Paul Crichton about "Just Another War – How I Survived the Siege of Leningrad" (Davies)
Just Another War by Luise Davies, London: Kiener Press, 2018
In this short and moving memoir Luise Davies has set down her childhood recollections of the siege of Leningrad and her escape from the city to Krasnodar, in the Caucusus, and then, via Frankfurt, Hamburg and Muenster, to Ilford in East London.
She has an eye for vivid details, and notes, for instance, that her mother put a tin bath on the windowsill to wash her, so that both of them could enjoy the view of the River Neva; or that when people were starving during the siege, all the cats and dogs soon disappeared and some people boiled leather belts to make soup.

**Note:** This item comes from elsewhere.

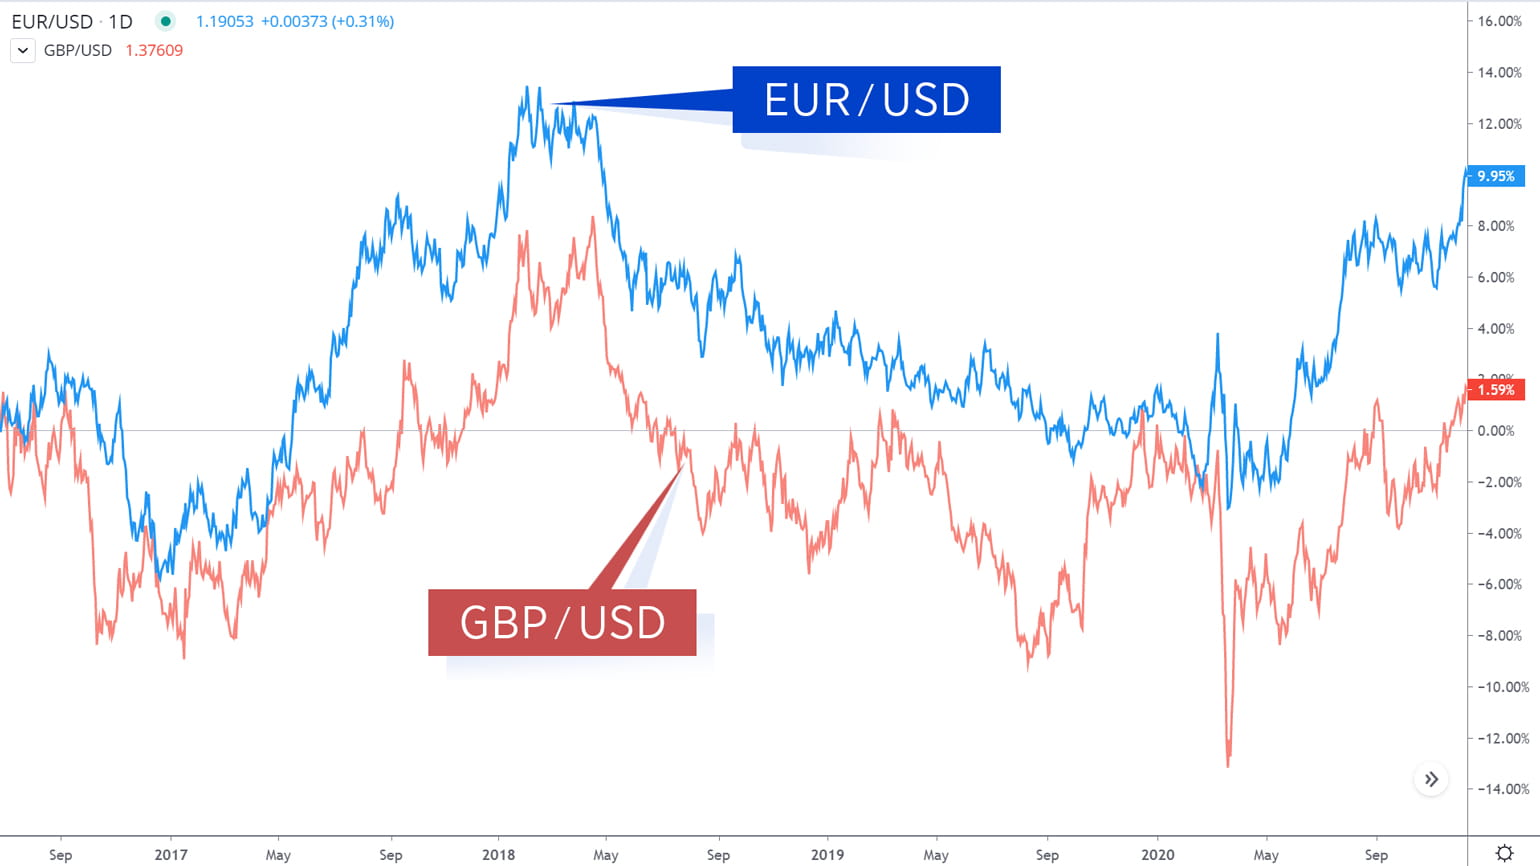 EUR/USD and GBP/USD correlation

The book is filled with tragedy: her mother ate little so that Luise could have a little more to eat, giving her life to save her daughter’s. One day Luise came back from school and found her mother sitting, leaning against the fireplace, dead. The last glimpse she got of her mother was when her father was dragging her corpse away on a sledge, her legs and feet dangling in the snow. She was buried in a mass grave.
Her father was the one who organized her escape from the city, first on an overloaded carriage pulled by a malnourished horse over the frozen Lake Lagoda, and then on cattle trucks going south. He did so knowing that he would probably never see her again. He died of starvation some time later.
But there is resilience as well as tragedy. She describes how she managed to survive the flight from Leningrad despite being severely malnourished herself, was able to make contact with her mother’s family in Hamburg, met her husband-to-be, an English soldier, there, and eventually arrived in East London.
This book is accompanied by photos of Luise’s family and of Leningrad then and St Petersburg now, and a map showing the route she took across Europe. It not only contains an engaging and compelling account of her childhood memories of living through the siege of Leningrad, and how she was able to escape, but constitutes an important historical document of these terrible times.